Morris’s wife Carol died in October 1973 after a long illness. Late the following year, Morris married Mary Anthony Cox, a family friend who headed the ear training program at the Juilliard School. Over the more than 40 years of his marriage to Mary Anthony, he was able to nurture his deep love for music as well as travel to Europe multiple times with her and eventually his grandchildren. Morris was a dedicated supporter of the Craftsbury Chamber Players, of which his wife was a founding member and director. He was regarded as a second father to many of the musicians who stayed in his home each summer during the concert season. His innate musical talent was a gift he passed on to all of his children.
Morris was famous for his pie making and inspired many to learn how to master the art of a good crust. He hosted a Sunday dinner after church every week for family and friends. He was extremely proud of the accomplishments of his family members. His grandchildren knew that he always had a treat on hand for them, and they could count on him showing up at their concerts and athletic events.

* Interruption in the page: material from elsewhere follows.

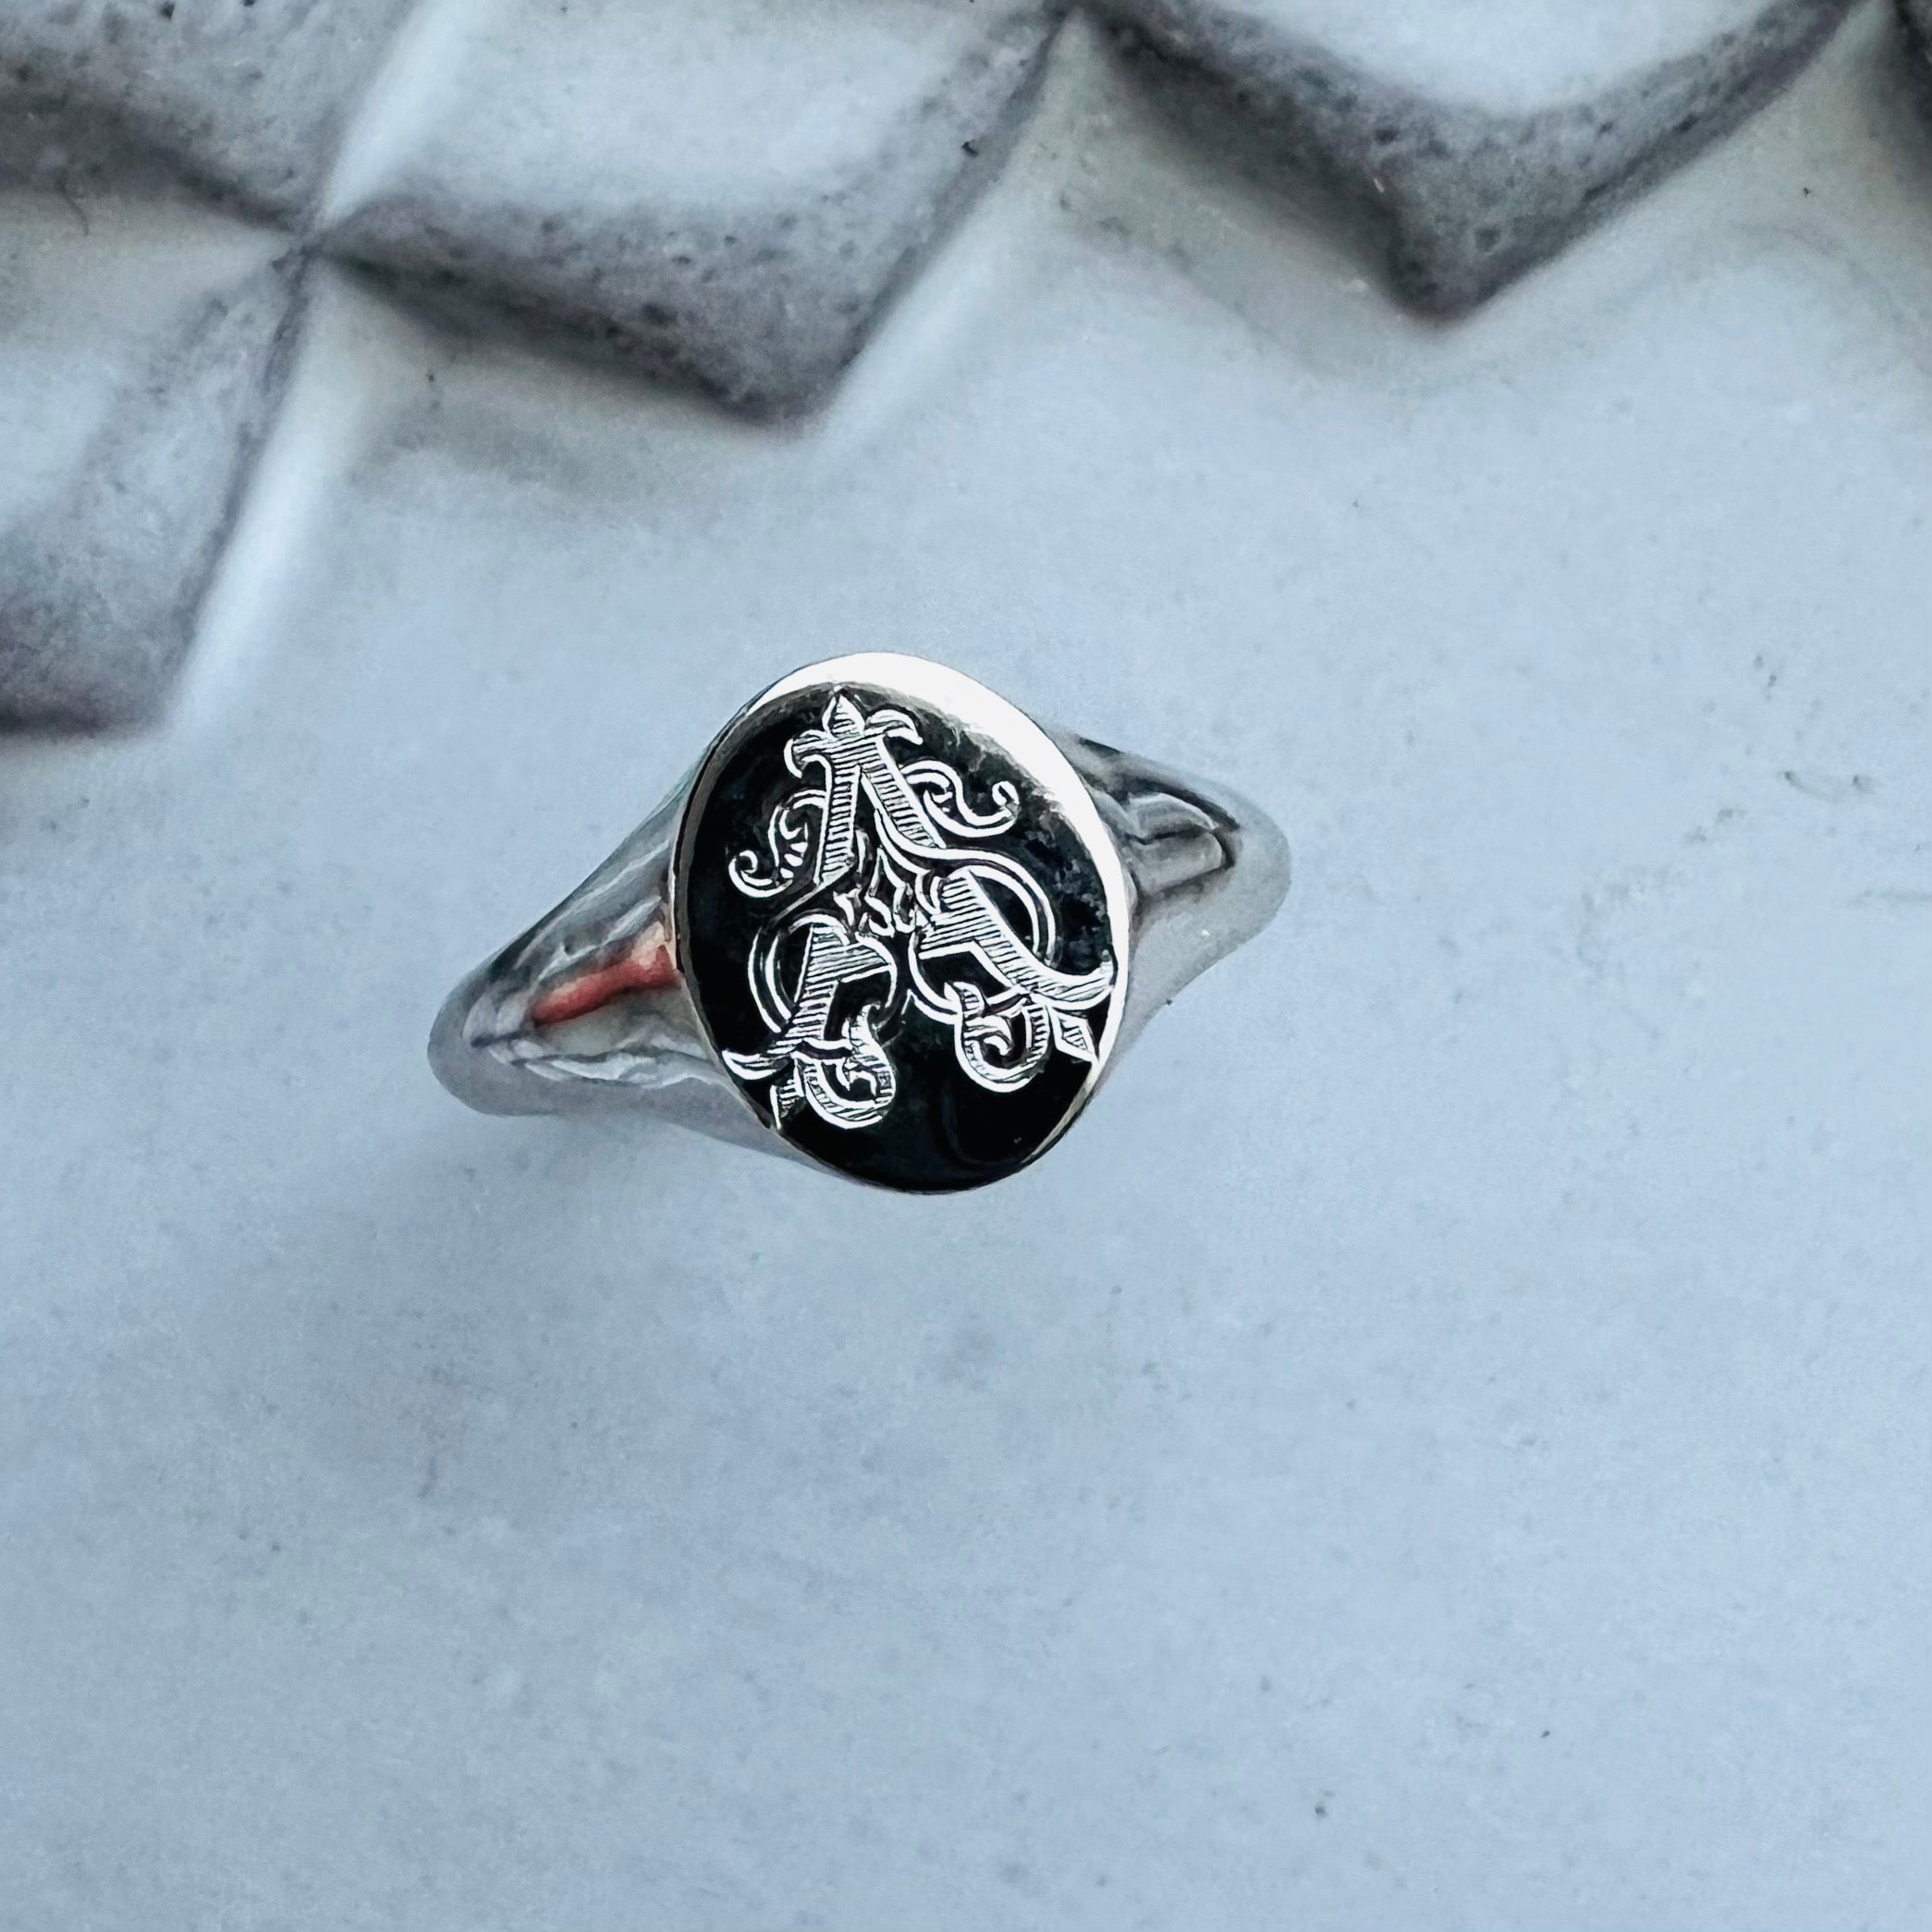 【SILVER】Small Oval Signet Ring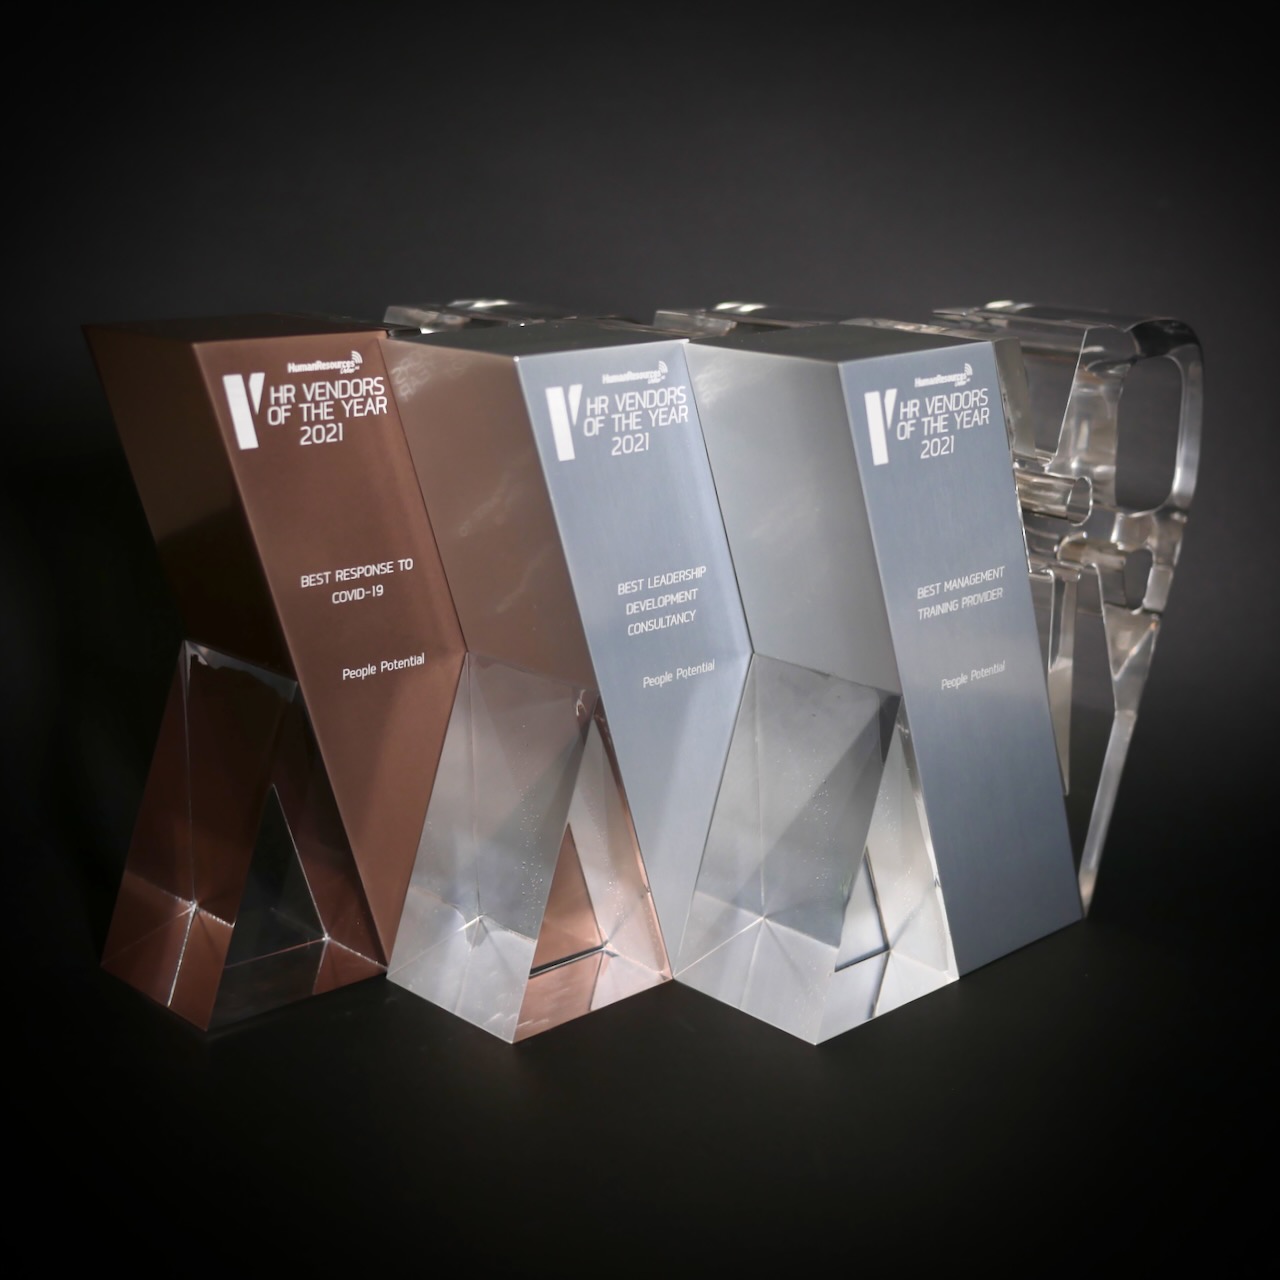 A gold and two silver trophies from HR Vendors of the Year 2021

Although he never had the opportunity to go beyond a high school education, he was a voracious reader of history and biographies. Morris was widely known for his loyalty, wisdom and kindness—and for his lifelong habit of humming as he went about his daily business. Until his health began to decline, he was considered one of the first people to call if someone needed help. He was a living example of his strong Christian faith and what it means to be a good man.
Morris is survived by his wife, Mary Anthony Rowell; siblings Louise Kinsey of Albany, Eunice Kinsey of Craftsbury, Marvin Rowell and his wife Georgette of Albany, Wilbur Rowell of Irasburg, and Harriet Grenier and her husband Charlie of Waterbury; sisters-in-law Ruth Rowell of Glover and Alta Rowell of Crossville, TN and Saxtons River, VT; his children Margaret Rowell and her partner Saul Treviño of Craftsbury, Mary Rowell of Craftsbury, Frances Rowell of North Bergen, NJ, John Rowell and his husband James Blue of Craftsbury and Washington, DC, and David Rowell of Craftsbury; grandchildren Katie Rowell and her fiancé Tim Oswald of Keene, NH, Annie Rowell of Craftsbury, Carolyn Rowell and her partner Elijah Mayhew of Hardwick, Alden Blue of Craftsbury and Washington, DC, and Effie Blue of Craftsbury and Washington, DC; and great-grandchildren Eden Mayhew of Hardwick and Zoë Oswald of Keene, NH. He also leaves 24 nieces and nephews. He was predeceased by his parents and first wife Carol, brothers George and Hollis, sister-in-law Ruth (McBride) Rowell, brothers-in-law Fred and Bob Kinsey, and several nieces and nephews. He was especially close to Fielda Calderwood, a dear family friend of more than 50 years.
Morris’s family would like to express sincere gratitude to the excellent caregivers who made it possible for him to live at home despite physical challenges in his last years, and to the kind and compassionate hospital staff for all they did to ease his passing.
In lieu of flowers, donations in Morris’s name can be made to the Craftsbury Chamber Players (PO Box 37, Craftsbury, VT 05826 or online at www.craftsburychamberplayers.org) and the East Craftsbury Presbyterian Church (1097 Ketchum Hill Road, Craftsbury, VT 05826).
A celebration of Morris’s life will be held at the East Craftsbury Presbyterian Church on Saturday, January 13 at 11:00 a.m., immediately followed by a luncheon reception at the Highland Center for the Arts in Greensboro. In Morris’s honor, those who would like to bring a homemade pie to be served at the reception are invited to do so.